Caching Strategies

ScholarFlux uses two-layer caching to speed up data collection while keeping results accurate and fresh. This tutorial shows you how to configure caching for common research workflows.

Prerequisites 

Complete Getting Started for basic usage
Understanding of Response Handling and Error Patterns for error handling with caching
Basic knowledge of cache backends (Redis, MongoDB, SQLite)

Understanding the Two Caches 

ScholarFlux has two independent caches that work together:

Session Cache (HTTP Responses)

Caches raw API responses to avoid redundant network requests. Uses requests-cache.

Status: Disabled by default
Thread-safe: ❌ No (create one session per thread)
Best for: Repeated analysis of same data

Processing Cache (Parsed Data)

Caches processed results after parsing and extraction.

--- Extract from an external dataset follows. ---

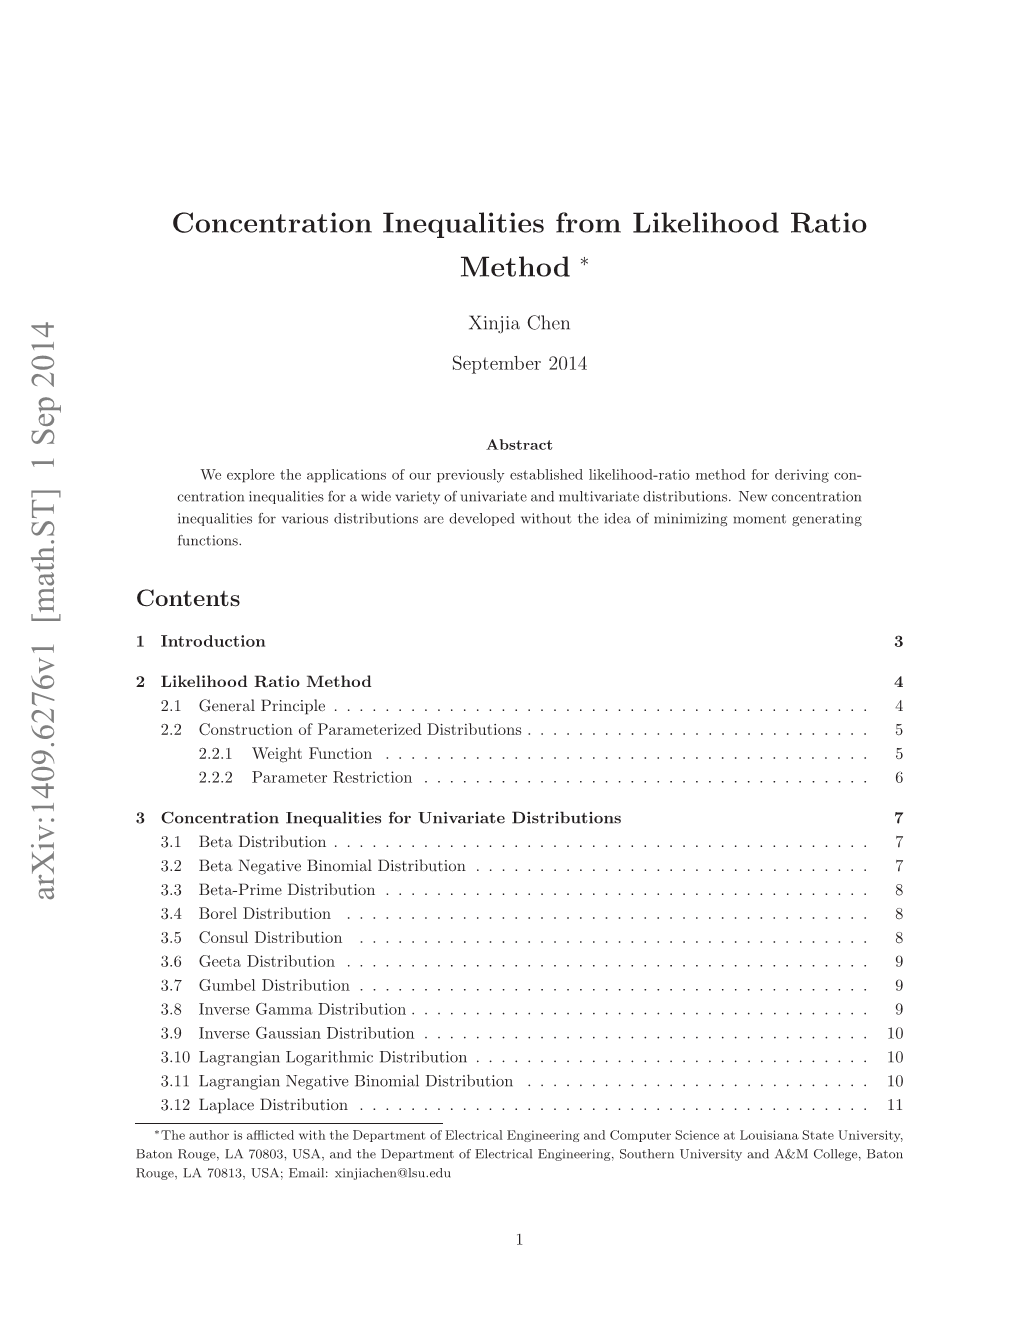 Concentration Inequalities from Likelihood Ratio Method

Status: Enabled by default (in-memory)
Thread-safe: ✅ Yes (safe to share)
Best for: Avoiding re-processing of API responses

Tip

Both caches work identically across all providers (PubMed, Crossref, PLOS, CORE, Springer Nature).

Quick Start Patterns 

Default: Processing Cache Only 

By default, processed results are cached in memory:

from scholar_flux import SearchCoordinator

coordinator = SearchCoordinator(
    query="machine learning applications",
    provider_name="pubmed"
)

# First search: fetches from API and caches processed results
results = coordinator.search(page=1)

# Second search: retrieves from processing cache (no re-parsing)
results_cached = coordinator.search(page=1)

Enable Session Caching 

Add HTTP response caching to reduce network requests (and avoid potential rate-limit-exceeded status codes):

from scholar_flux import SearchCoordinator
from scholar_flux.sessions import CachedSessionManager

# Create session manager (factory for thread-safe sessions)
session_manager = CachedSessionManager(
    cache_name="my_cache",
    backend="memory"
)

coordinator = SearchCoordinator(
    query="deep learning",
    provider_name="crossref",
    session=session_manager.configure_session()  # Creates new session instance
)

results = coordinator.search(page=1)

Disable All Caching 

For testing or when you always need fresh data:

from scholar_flux import SearchCoordinator

# Disable processing cache
coordinator = SearchCoordinator(
    query="quantum computing",
    provider_name="plos",
    cache_results=False
)

# Every search reprocesses results
results = coordinator.search(page=1)

# Or temporarily disable for one request:
results = coordinator.search(
    page=1,
    from_request_cache=False,  # Force fresh HTTP request
    from_process_cache=False    # Force re-processing
)

Choosing a Storage Backend 

The processing cache supports four backends. Choose based on your needs:

Backend	Thread-Safe	TTL	Persistence	Best For
memory	✅ Yes	❌ No	❌ No	Development
sql	✅ Yes	❌ No	✅ Yes	Local projects
duckdb	✅ Yes	❌ No	✅ Yes	Local analyses
redis	✅ Yes	✅ Yes	✅ Yes	Production
mongodb	✅ Yes	✅ Yes	✅ Yes	Document storage

InMemory (Default)

Fast but data is lost when your program ends:

from scholar_flux import SearchCoordinator
from scholar_flux.data_storage import DataCacheManager

cache = DataCacheManager.with_storage("memory")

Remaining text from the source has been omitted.